In the world of Python programming, a seemingly small distinction can yield significant consequences. When it comes to manipulating variables, difference between a = a+b and a += b in Python
“ may appear subtle, but it packs a powerful punch. In a previous article, we explored the assignment operators in Python and how they perform similar functions in most contexts. For instance, we saw that while adding two integers, “a=a+b” (which is called the simple assignment operation) and “a+=b” (which is called the augmented assignment operation) give the same results.
However, the two styles of assignment operators differ in the way they are implemented in Python. Today, we will discuss the internal implementation of the assignment operators by comparing and analyzing the results produced by the augmented assignment operation “a+=b” and the simple assignment operation “a=a+b” in Python.
The differences
Let us look at the following code example, in which we will examine how even though the final results using both types of assignments may seem identical, they are, in fact, different.
Using simple assignment “a = a+b”:
CODE:
#Initializing two lists
list1 = [1,2,3,4,5];
list2 = [6,7,8];
#getting ID of list 1 before appending
list1_id_before_appending = id(list1);
print("Using simple assignment:");
# append list2 to list 1 using simple assignment
list1 = list1 + list2;
#getting ID of list 1 after appending
list1_id_after_appending = id(list1);
#printing the lists and IDs
print(list1);
print("ID of list 1 before appending: ", list1_id_before_appending);
print("ID of list 1 after appending: ", list1_id_after_appending);
OUTPUT:
Using simple assignment: [1, 2, 3, 4, 5, 6, 7, 8] ID of list 1 before appending: 22655314109760 ID of list 1 after appending: 22655313231104 |
In the above code, we initialized 2 lists, list1 and list2. We stored the initial ID of list1 for reference.
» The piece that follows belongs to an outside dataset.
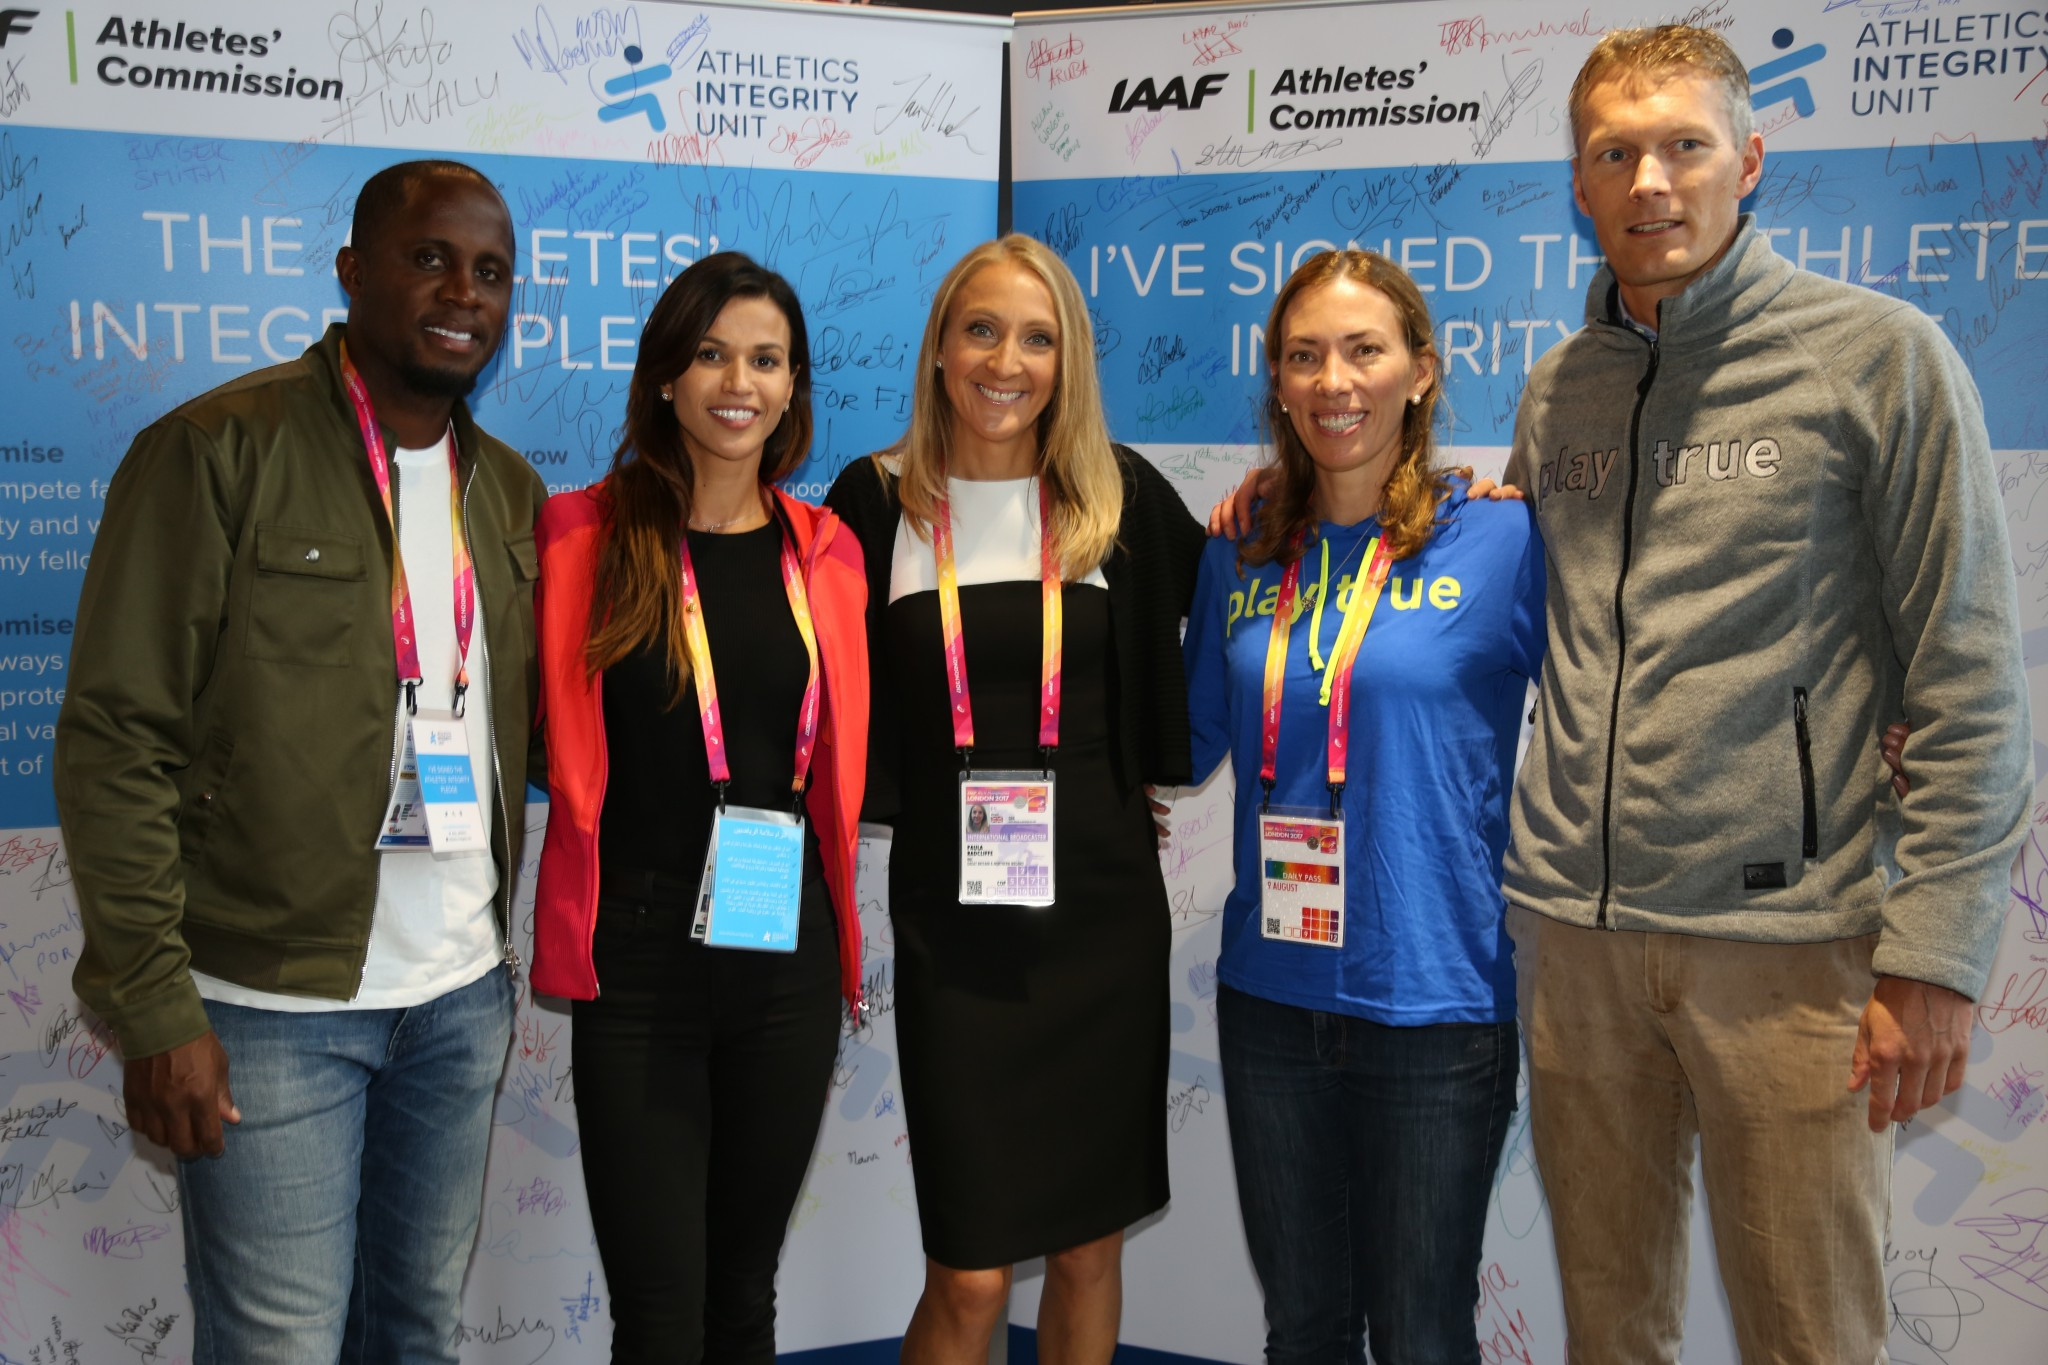 WADA Athlete Committee show support for Athletics Integrity Unit at IAAF World Championships

Then, we appended list2 to list1 using the simple assignment operator.
We again stored the ID of new list1 in a variable and printed the results.
As we can observe, list1 displayed expected values on printing. However, the ID of list1 changed after we appended it with list2.
This proves that a new list was created with updated values, and its reference was stored in the variable list1.
Let us now execute the same code using the augmented assignment operation:
Using augmented assignment operation “a+=b”
CODE:
#Initializing two lists
list1 = [1,2,3,4,5];
list2 = [6,7,8];
#getting ID of list 1 before appending
list1_id_before_appending = id(list1);
print("Using augmented assignment:");
# append list2 to list 1 using augmented assignment operation
list1 += list2;
#getting ID of list 1 after appending
list1_id_after_appending = id(list1);
#printing the lists and IDs
print(list1);
print("ID of list 1 before appending: ", list1_id_before_appending);
print("ID of list 1 after appending: ", list1_id_after_appending);
OUTPUT:
Using augmented assignment: [1, 2, 3, 4, 5, 6, 7, 8] ID of list 1 before appending: 23336110675264 ID of list 1 after appending: 23336110675264 |
We followed the same coding procedure as in the previous example. We initialized 2 lists, list1 and list2 and stored the initial ID of list1 for reference. Then, we appended list2 to list1 using an augmented assignment.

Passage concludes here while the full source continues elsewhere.